Has outperformed Crazy Jim at the college level by leaps and bounds, it's not even close. Jimmy let's not forget inherited a team comprised of 3 top 10 recruiting classes, as well as a very sound infrastructure at Michigan. The 2015 schedule only had 2 teams on it that were worth a shit and Harbaugh lost to both, one by 4 touchdowns, at home. Compare this to what Art has achieved at Baylor, a school that has been the Big12's worst program for the last 25+ years. The best holy thing Crazy Jim and Art Briles come close to having in common is they both whine and cry like little girls when they get their asses beat. Just watch the post game interviews of Art after the MSU beating and of Crazy Jim after Urban Meyer ass raped him. Blaming the refs, and crying like bitches, that's the only thing they have in common. Besides that, Art has proven he is far better that Harbaugh at getting results at football.

MichiganTeacher

March 21st, 2016 at 12:33 AM ^

Good stuff, thanks for posting.

Obviously the trick is in the execution. Figuring out exactly how to use your players, evaluating and recruiting the right talent and character - good advice, but sometimes easier said than done.

I liked the point about being desperate. Not a word you often see in this context, but a good one, I think.

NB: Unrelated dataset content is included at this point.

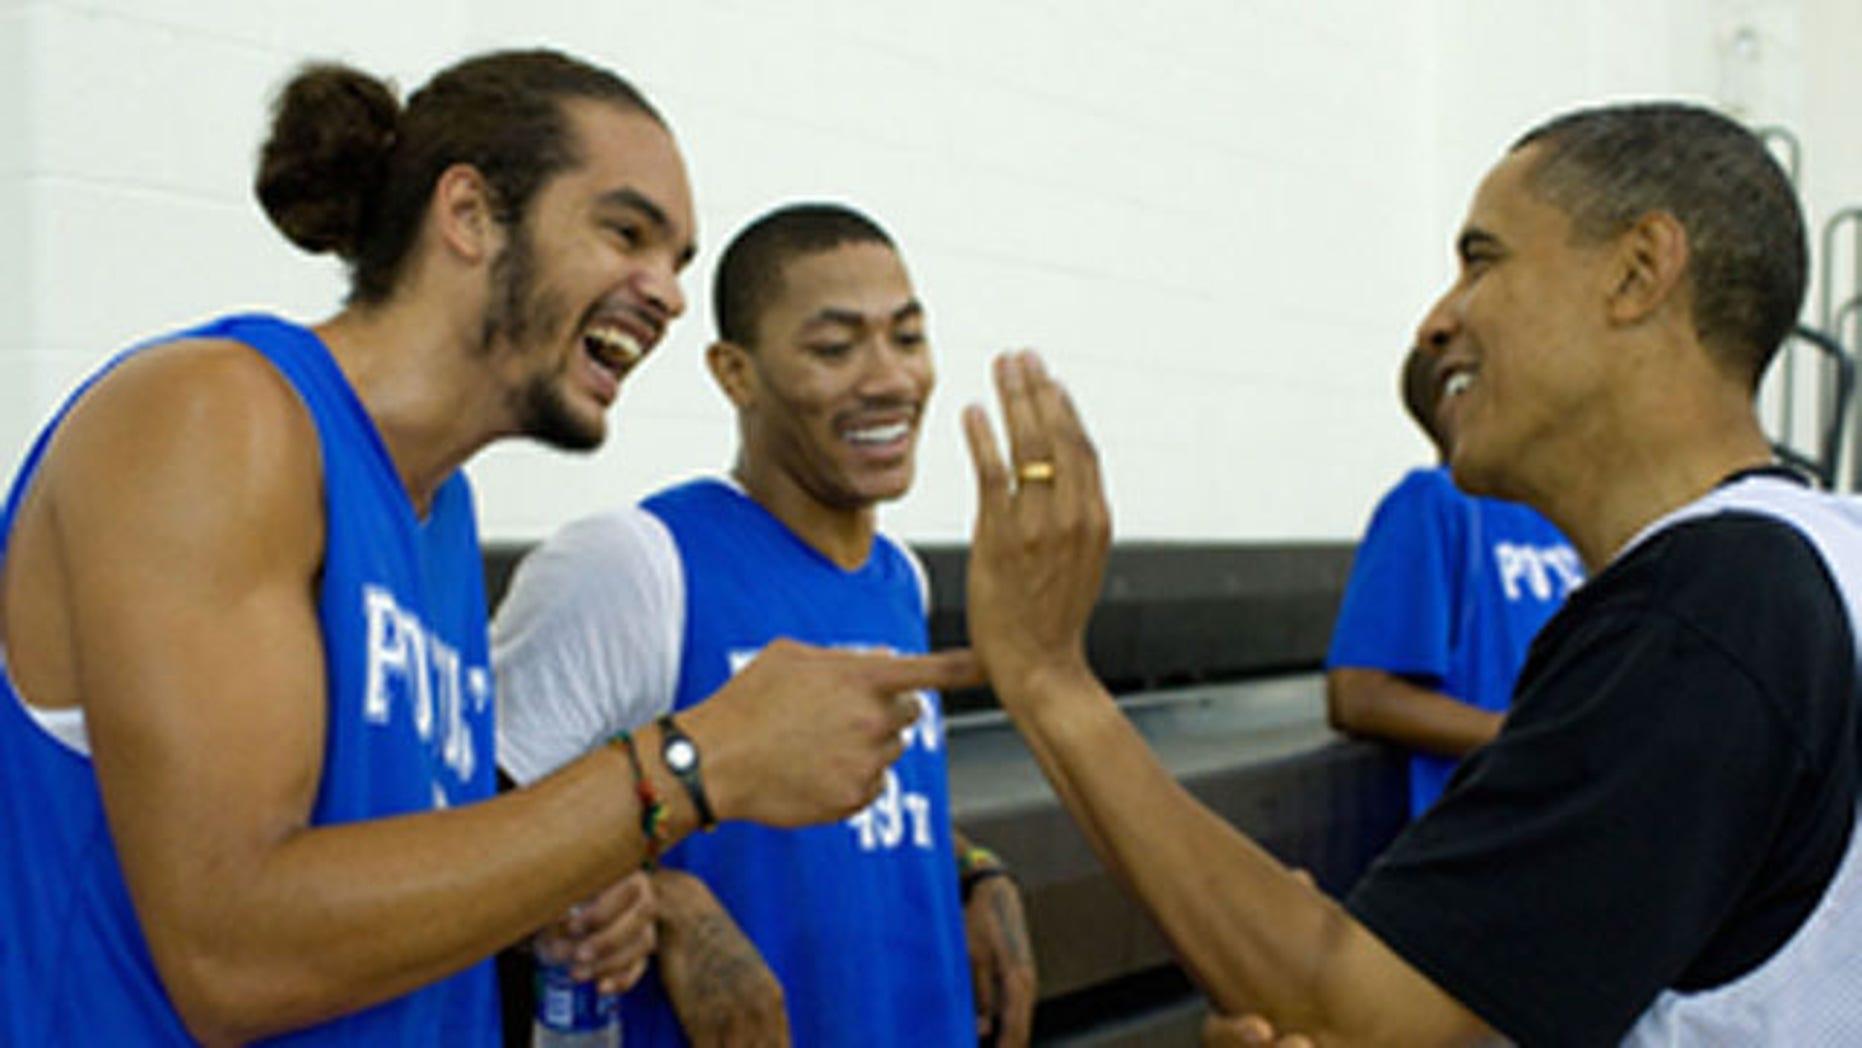 Aug. 8: President Obama talks with Joakim Noah (left) and Derrick Rose of the Chicago Bulls.

I'd also be interested in seeing more info from the clinic.

TESOE

March 21st, 2016 at 11:41 AM ^

Briles is not like Harbaugh in this respect. Briles put down a post season record passing game against MSU one year ago. Then this year put down a bowl game record in rushing . That is the single most amazing offensive coaching job in my mind ever.

You don't want to give this guy time to prepare with any team. Baylor was decimated with injuries last year. Great diary...more please.

Farnn

March 21st, 2016 at 10:53 AM ^

It's nice to see a great coach who isn't afraid to work with Harbaugh.  Hope to see Harbaugh take some tips from Briles to add more wrinkles to the offense.

Brimley

March 26th, 2016 at 1:46 PM ^

I finally had some time to read this and wasn't disappointed.  For dummies like me, it was nice to get some general philosophy v. nuts-and-bolts hand positioning pointers or whatever.  I'd definitely be interested in your notes from other clinics.

Briles seems like a very savvy cat.  After reading this, it makes a lot of sense that he's joining JH for the Texas camp.  In some ways, it's like making friends with the big guy (no disrespect meant to Briles who is an accomplished coach in his own right).  He's going to see opportunity where others see threat.